The validity of the family history method for identifying Alzheimer disease
G. Li, M. Aryan, J. M. Silverman, V. Haroutunian, D. P. Perl, S. Birstein, M. Lantz, D. B. Marin, R. C. Mohs and K. L. Davis
Department of Psychiatry, University of Washington, Seattle, USA.
OBJECTIVE: To examine the validity of the family history method for
identifying Alzheimer disease (AD) by comparing family history and
neuropathological diagnoses. METHODS: Seventy-seven former residents of the
Jewish Home and Hospital for the Aged, New York, NY, with neuropathological
evaluations on record were blindly assessed for the presence of dementia
and, if present, the type of dementia through family informants by
telephone interviews. The Alzheimer's Disease Risk Questionnaire was used
to collect demographic information and screen for possible dementia. If
dementia was suspected, the Dementia Questionnaire was administered to
assess the course and type of dementia, i.e., primary progressive dementia
(PPD, likely AD), multiple infarct dementia, mixed dementia (i.e., PPD and
multiple infarct dementia), and other dementias based on the modified
Diagnostic and Statistical Manual of Mental Disorders, Third Edition,
criteria. RESULTS: Sixty (77.9%) of 77 elderly subjects were classified as
having dementia and 17 (22.1%) were without dementia by family history
evaluation. Of the 60 elderly subjects with dementia, 57 (95%) were found
at autopsy to have had neuropathological changes related to dementia. The
sensitivity of the family history diagnosis for dementia with related
neuropathological change was 0.84 (57 of 68) and the specificity was 0.67
(6 of 9). Using family history information to differentiate the type of
dementia, the sensitivity for definite or probable AD (with or without
another condition) was 0.69 (36 of 51) and the specificity was 0.73 (19 of
26).
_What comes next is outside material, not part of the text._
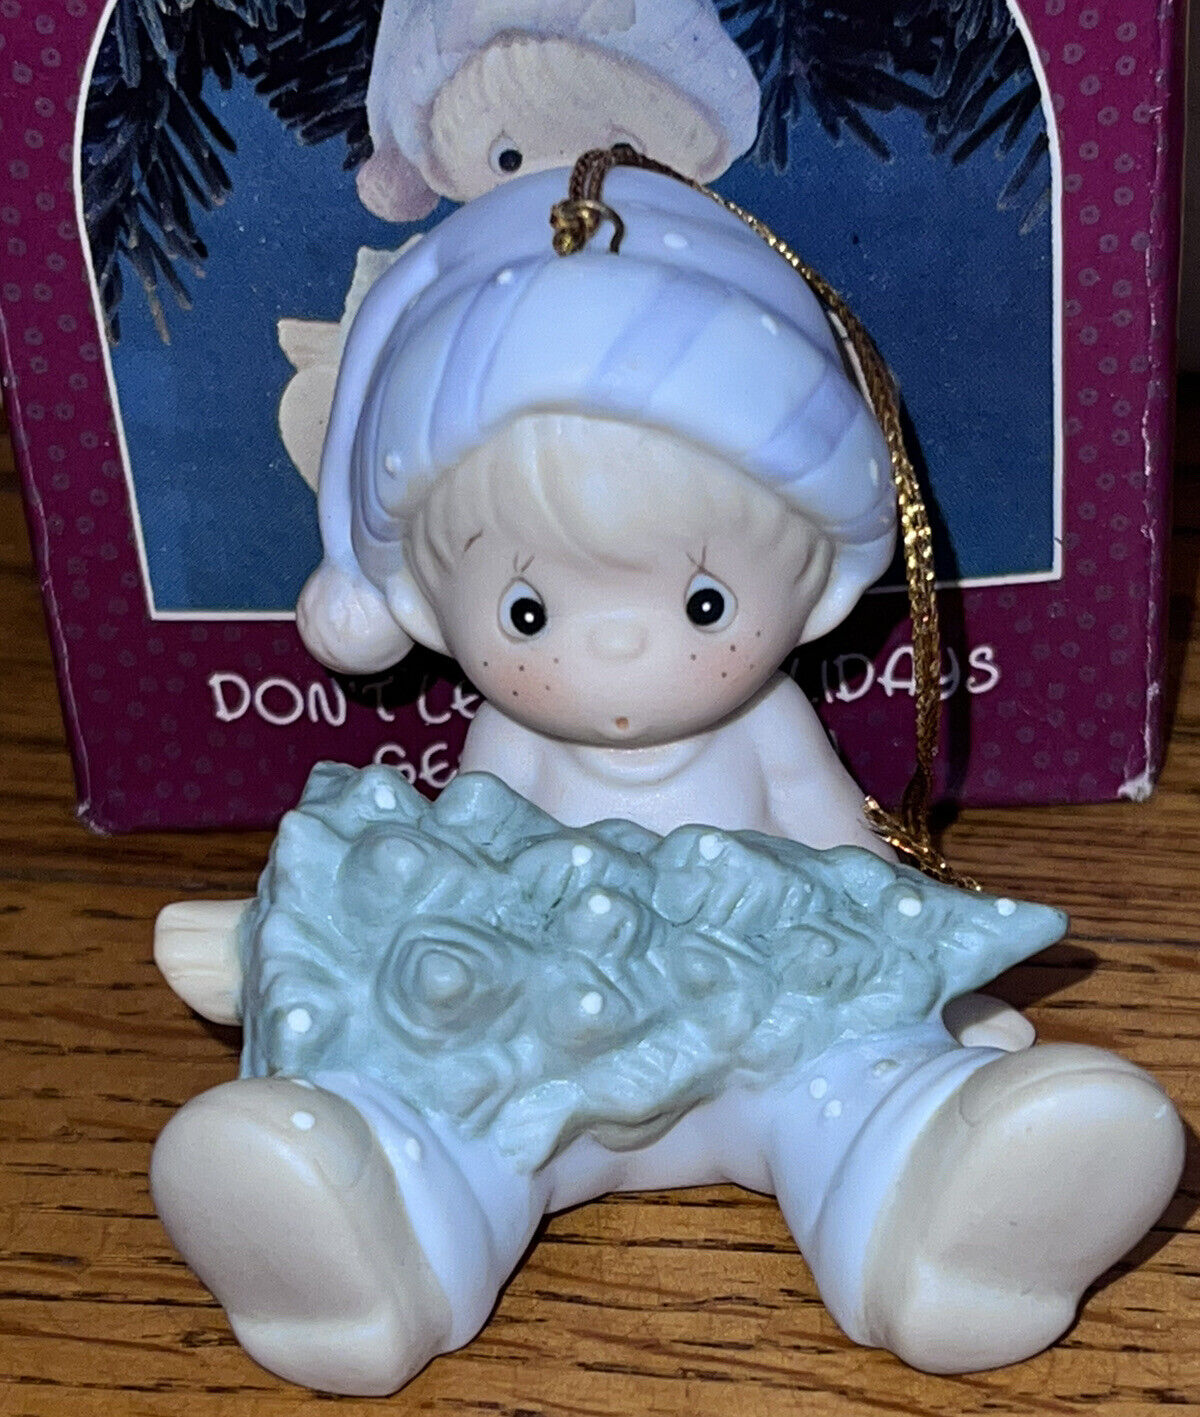 Buy 2 Get 1 Free Precious Moments-“Don’t Let the Holidays Get You Down”Ornament

The majority (9 of 15) of patients testing false negative for PPD had
a history of stroke associated with onset of memory changes, excluding a
diagnosis of PPD. CONCLUSIONS: Identifying dementia, in general, and AD, in
particular, has an acceptable sensitivity and specificity. As is true for
direct clinical diagnosis, the major issue associated with misclassifying
AD in a family history assessment is the masking effects of a coexisting
non-AD dementia or dementia-related disorders, such as stroke. Including
mixed cases, ie, PPD and multiple infarct dementia in estimates of the
familial risk for AD can reduce the extent of underestimation of PPD.